Eye Blinking Detection Accuracy: - LRCN: 0.99 AUC (best) - CNN: 0.98 AUC - EAR (hand-crafted): 0.79 AUC

Key observation from ROC curves: LRCN's advantage over CNN stems from temporal smoothing—at frames with ambiguous eye state (e.g., small eye region), the LSTM leverages history to make correct predictions.
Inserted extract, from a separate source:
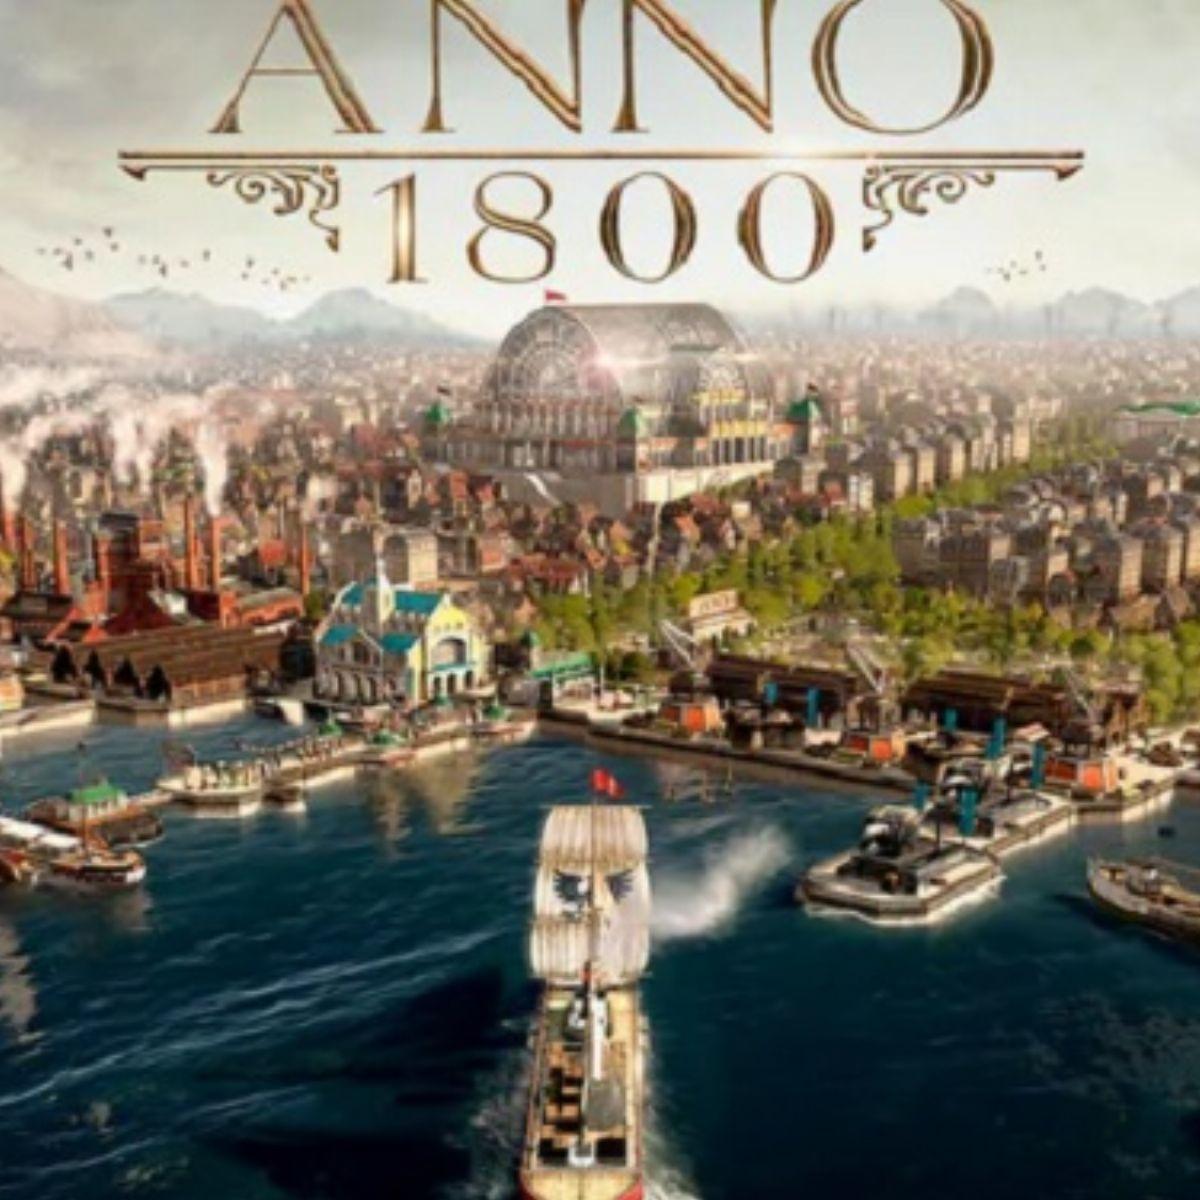 Anno 1800 sur PC (dématérialisé, Uplay)

CNN struggles when eye regions are small or contain motion artifacts; LRCN recovers by remembering whether a blink was underway.

Qualitative analysis: On Trump video examples, CNN shows noisy predictions even in steady-state regions (many false positive "open" detections). LRCN produces smooth, physiologically plausible blink sequences (single blink event = 4–6 consecutive closed frames at ~30fps).

DeepFake detection: Authentic videos show eye blinks within 5–6 seconds; DeepFake videos show no blinks in comparable duration—a conspicuous absence that violates the physiological expectation of ~17 blinks/min (0.283 blinks/sec).

Connections

Notes

Strengths: - Simple, interpretable forensic signal grounded in physiology rather than learned representations. - LRCN improvement over CNN clearly demonstrates value of temporal modeling for video forensics. - Dataset and method accessible for follow-on research.

Limitations: - Eye blinking may be easier for future deepfake generators to synthetically add post-hoc than other cues (acknowledged by authors). - Evaluation limited to single deepfake tool (DeepFake) and custom 50-video dataset; modern face-swap methods and larger benchmarks would strengthen claims. - Frame-rate dependent (assumes 25–30 fps); compression or rescaling could degrade eye region quality. - Assumes frontal face orientation for landmark-based eye extraction; side profiles would require extension.

Future directions (authors): 1. Explore other physiological signals (breathing, pulse). 2. Model dynamic blink patterns (e.g., physiologically implausible blinking rate) rather than just presence/absence. 3. Harden against post-processing synthesis techniques that may add blinking artifacts.